A rationale behind putting hash first is that it avoids the pitfall we first studied, when H is an iterated hash function starting with the beginning of the message, as most practical hash functions are.
Update following comment: a rationale behind not iterating hash = H(hash + password) (but rather including salt and i in the mix), when the width $b$ of the hash is small, and the number of iterations $n$ high, could be that in the former case an adversary might get some advantage by a strategy where for each plausible password she performs some precomputation on common values of password giving it some sizable advantage in recognizing password from the final value of hash, especially if many pairs (salt, full final hash) are available.
As an example of such a strategy, assume that $b=64$ and $n=2^{30}$. For any given password, a sizable fraction of salt values are such that a cycle is entered during the legitimate computation, and a powerful adversary can tabulate, independently of salt, a sizable fraction of the lower values of hash reached in such cycles. Then, for each final value of hash at hand, and each password, the adversary can iterate perhaps $2^{26}$ times, test if any of the (smaller) values reached is in the precomputed table, and in the affirmative make a full test for this password.
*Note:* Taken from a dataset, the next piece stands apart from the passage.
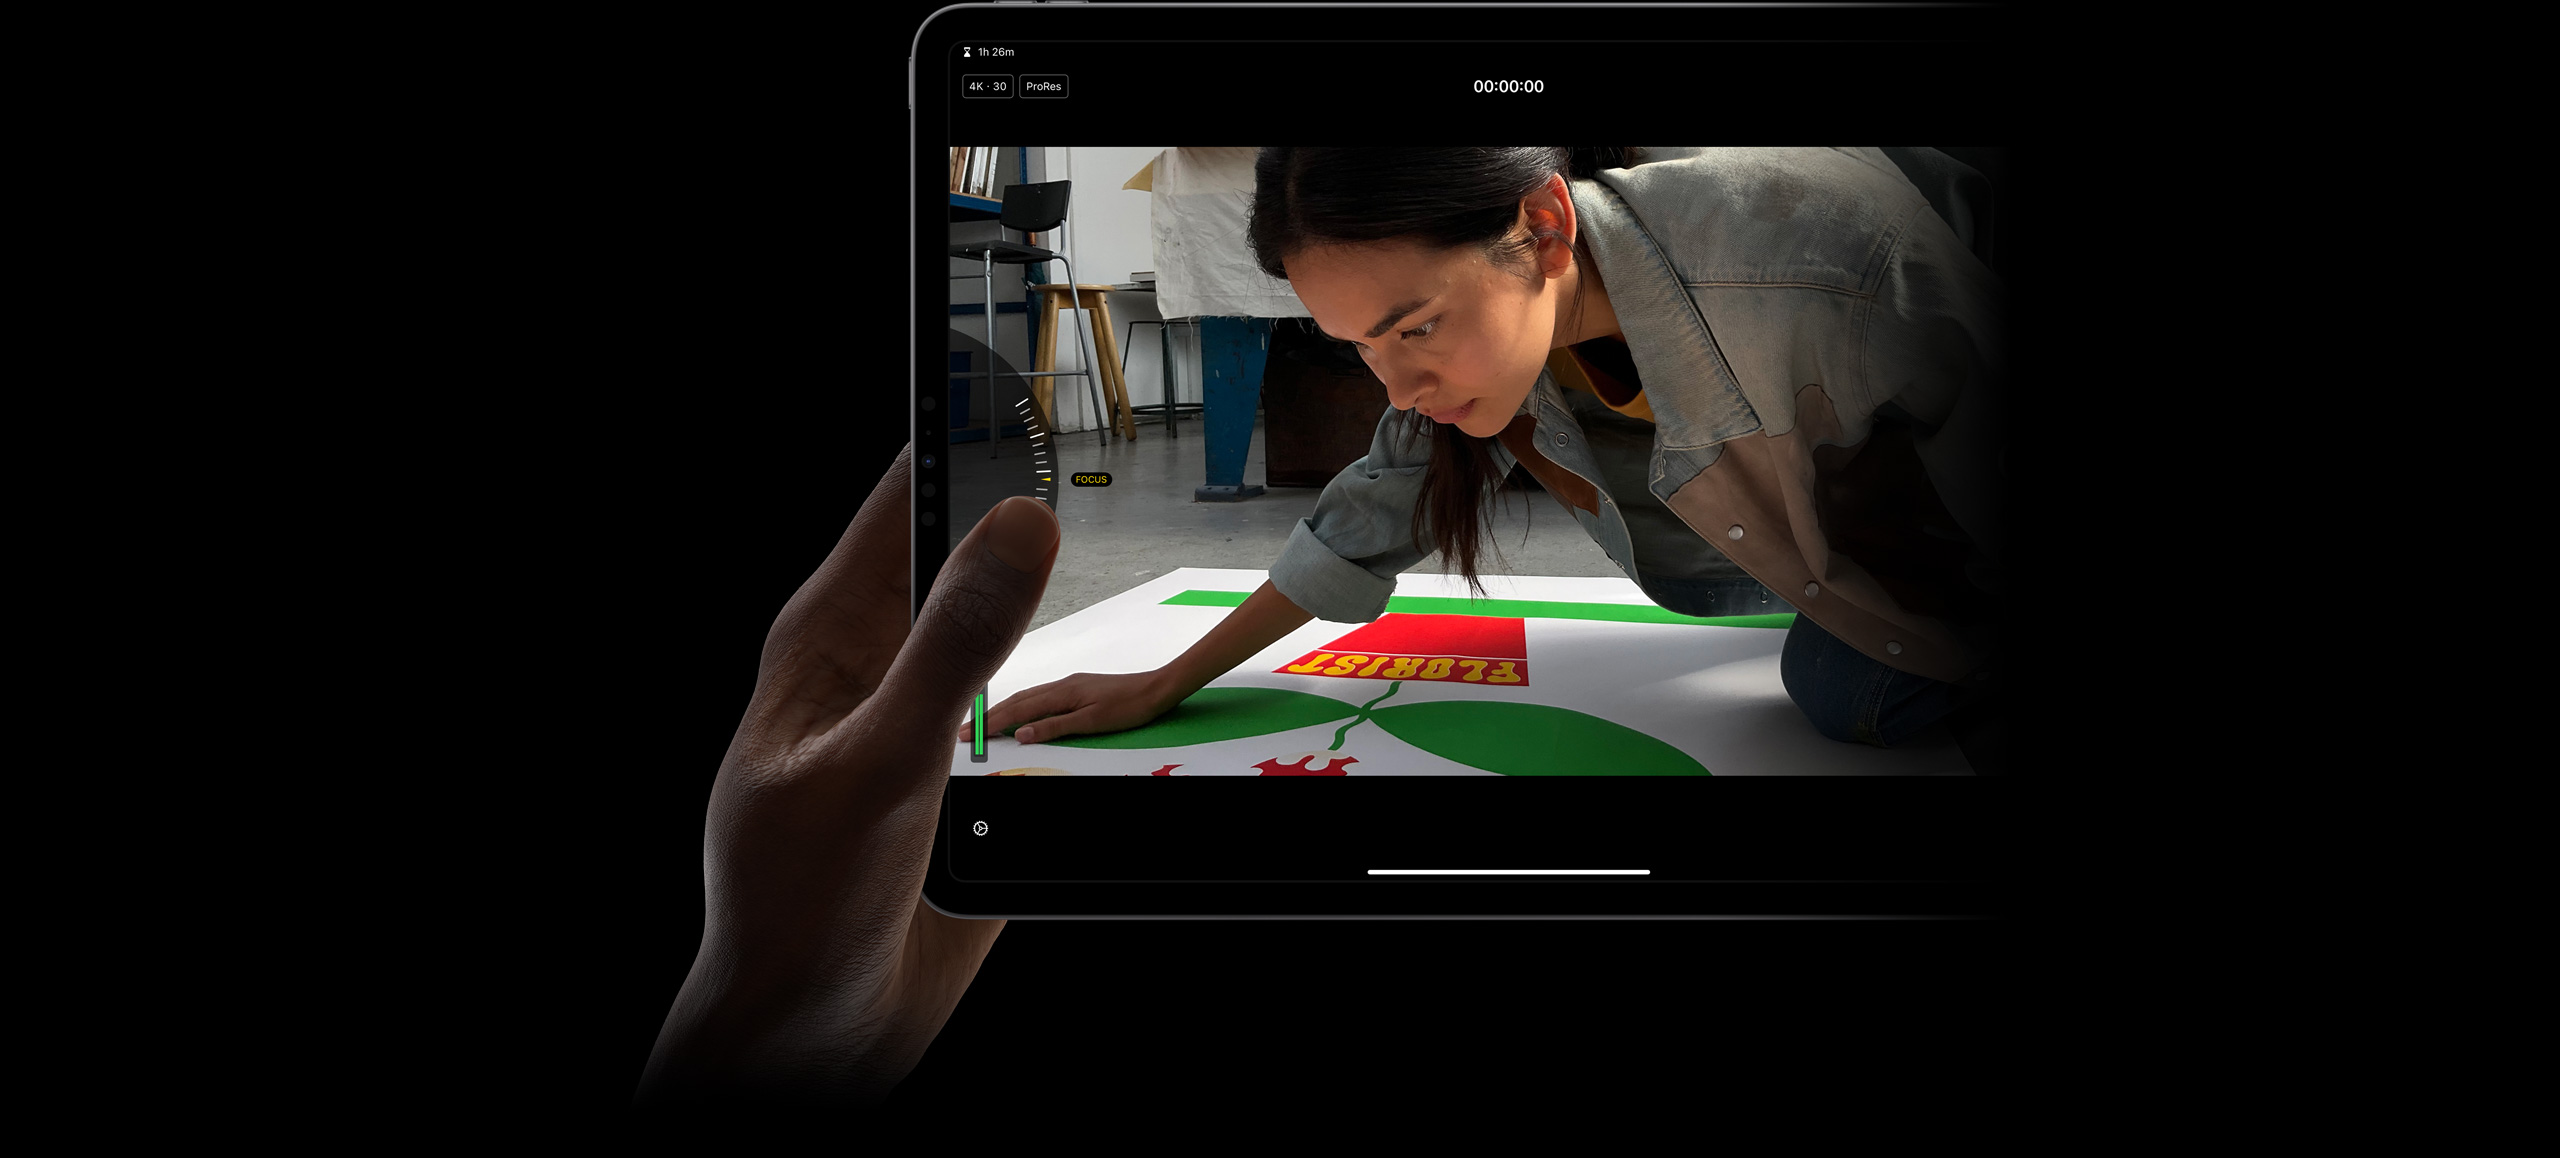 Dedo polegar ajusta o foco da gravação em ProRes usando os controles do modo de câmera Pro manual no Final Cut Pro para iPad no iPad Pro.

Odds of recognizing a (salt,password) pair for a given effort are improved compared to pure brute force (at least when the number of password tested is such that a few are among the (salt,password) pairs, and neglecting the cost of the precomputation and table lookups; and I guess, with some refined strategies, even accounting for these costs).
Again, using $b=512$ is plenty appropriate to make iterating hash = H(hash) entirely satisfactory (assuming an attack using classical computers). It even seems possible to make a formal reduction from any attack against that to an attack on the hash (to keep the proof simple, it might help to prevent salt + password from having the same size as hash, e.g. by using a 65-byte salt).
And notice that there is at least one excellent reason not to include password in the mix: making it less likely that password could leak by some side channel on a legitimate user's platform, perhaps by a mechanism remotely similar to this.
Final note: the state of the art is not iterating a hash, but rather iterating a function requiring a large (and preferably parameterizable) amount of memory, and as an aside such that the efficiency on the legitimate platforms using commodity multi-core CPUs is as good as possible, which makes dedicated hardware less attractive for the attacker; see scrypt, or bcrypt (still more common although it lacks parameterizable memory size, use of multiple cores, and seems less close to optimality on commodity CPUs).